2.4.26 SMP Lockup

From: Jeff Coffin (linux-kernel_at_browndog.org)
Date: 05/30/04

  • Next message: Marcelo Tosatti: "Re: oops, 2.4.26 and jfs"
    To: linux-kernel@vger.kernel.org
    Date:	Sun, 30 May 2004 10:38:03 -0700
    
    

    Hi -

    I've been getting lockups at random times for a while on this
    hardware:

    supermicro P3TDDE MB
    2 x P3s 1.13 GHz
    1G ECC SDRAM (HIGHMEM is enabled)

    It's a hard lockup that doesn't respond to SysRq. This is the first
    time I've caught anything with the serial console. Once before, I got
    the beginnings of an oops, but not enough to be useful. Sometimes it
    happens a couple of times in a day, sometimes it will stay up for a
    month or more. I haven't found any way to force it yet. The system
    is a workstation, all filesystems are XFS FWIW.

    The tainting is from the Cisco vpnclient (version 4.0.1) which I use
    for work. I'll try and get one without that loaded as well since I
    know that usually means all bets are off. I'll also try and get SysRq
    P and T next time it locks, but usually SysRq doesn't appear to work.

    Anyhow, here's the oops run through ksymoops:

    --jeff

    ksymoops 2.4.9 on i686 2.4.26. Options used
         -V (default)
         -k /proc/ksyms (default)
         -l /proc/modules (default)
         -o /lib/modules/2.4.26/ (default)
         -m /usr/src/linux/System.map (default)

    Warning: You did not tell me where to find symbol information.
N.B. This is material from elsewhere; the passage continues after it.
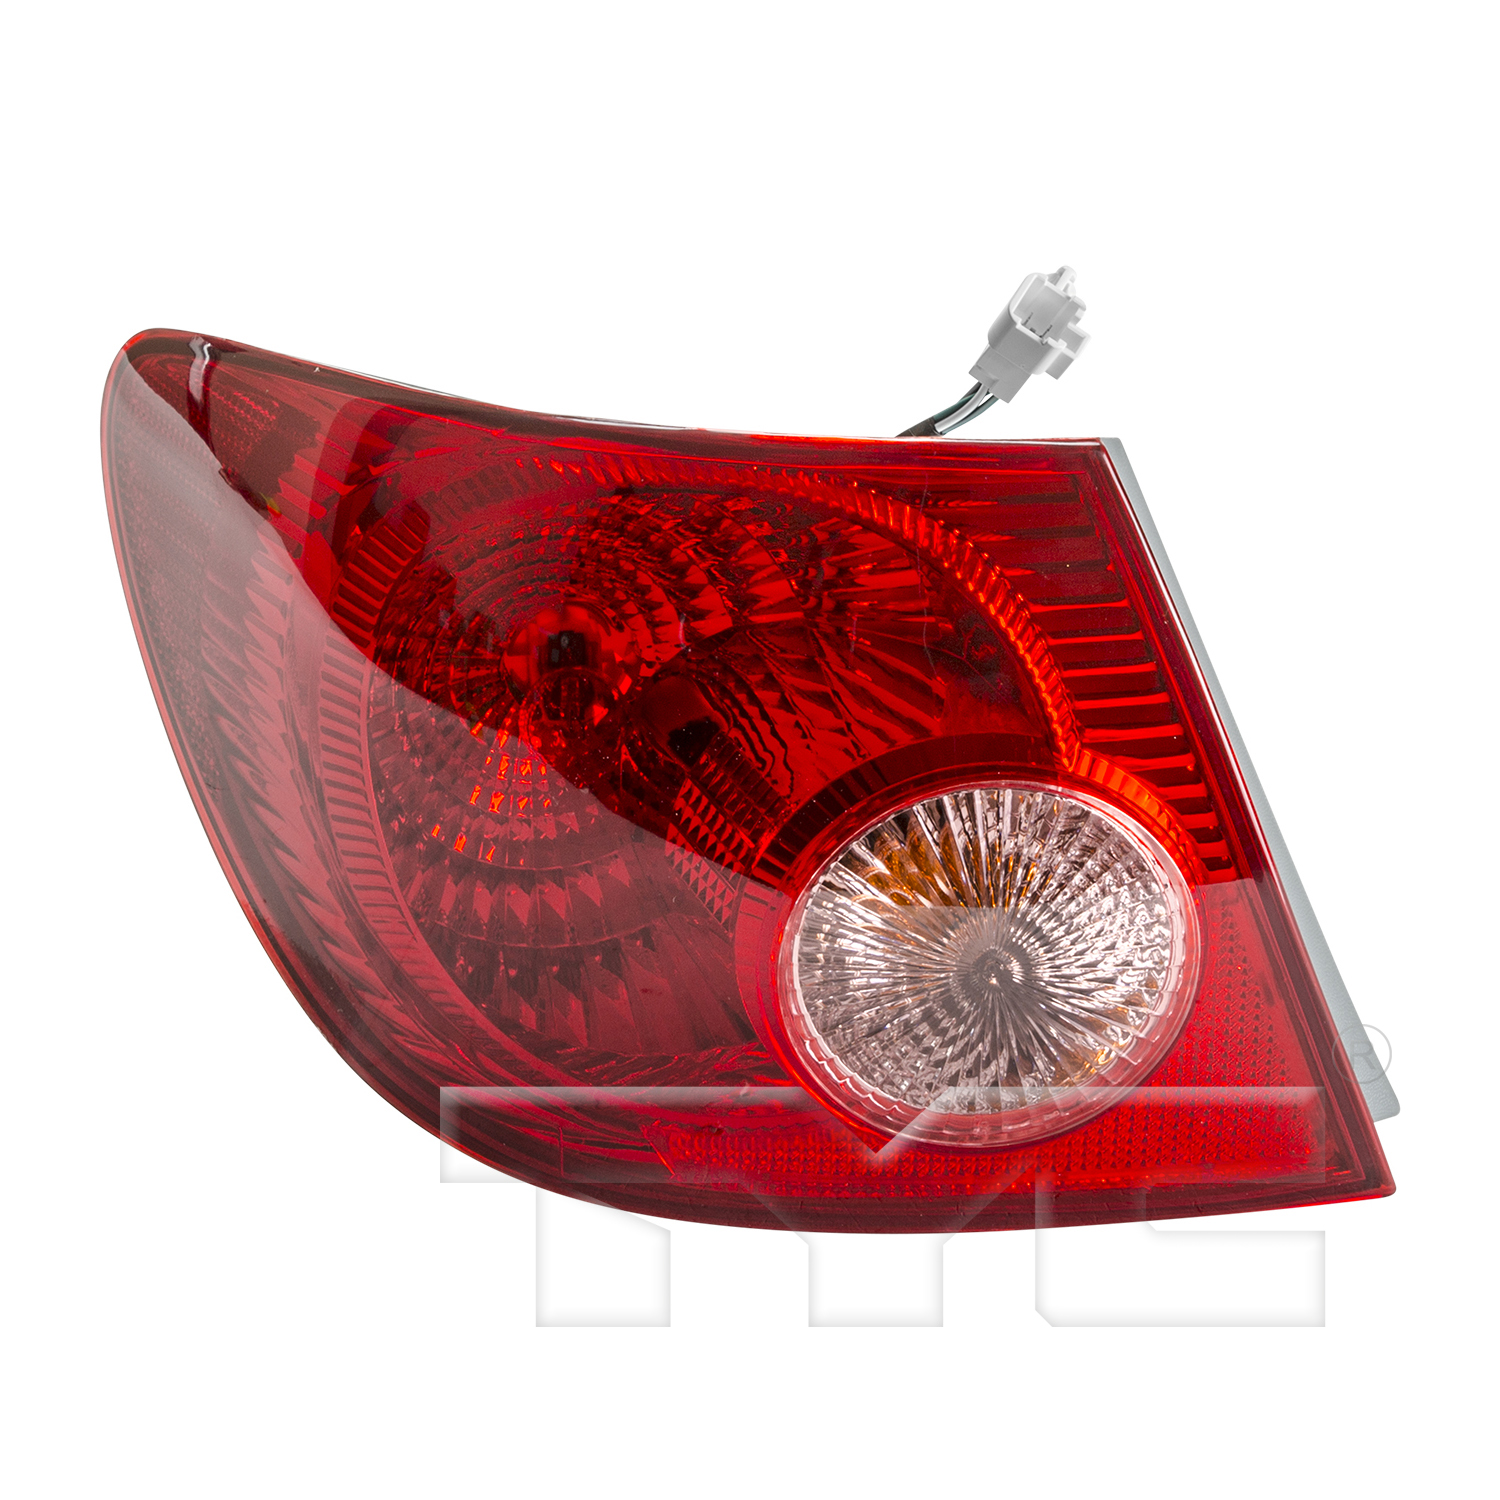 Aftermarket TAILLIGHTS for TOYOTA - COROLLA, COROLLA,05-08,LT Taillamp assy

I will
    assume that the log matches the kernel and modules that are running
    right now and I'll use the default options above for symbol resolution.
    If the current kernel and/or modules do not match the log, you can get
    more accurate output by telling me the kernel version and where to find
    map, modules, ksyms etc. ksymoops -h explains the options.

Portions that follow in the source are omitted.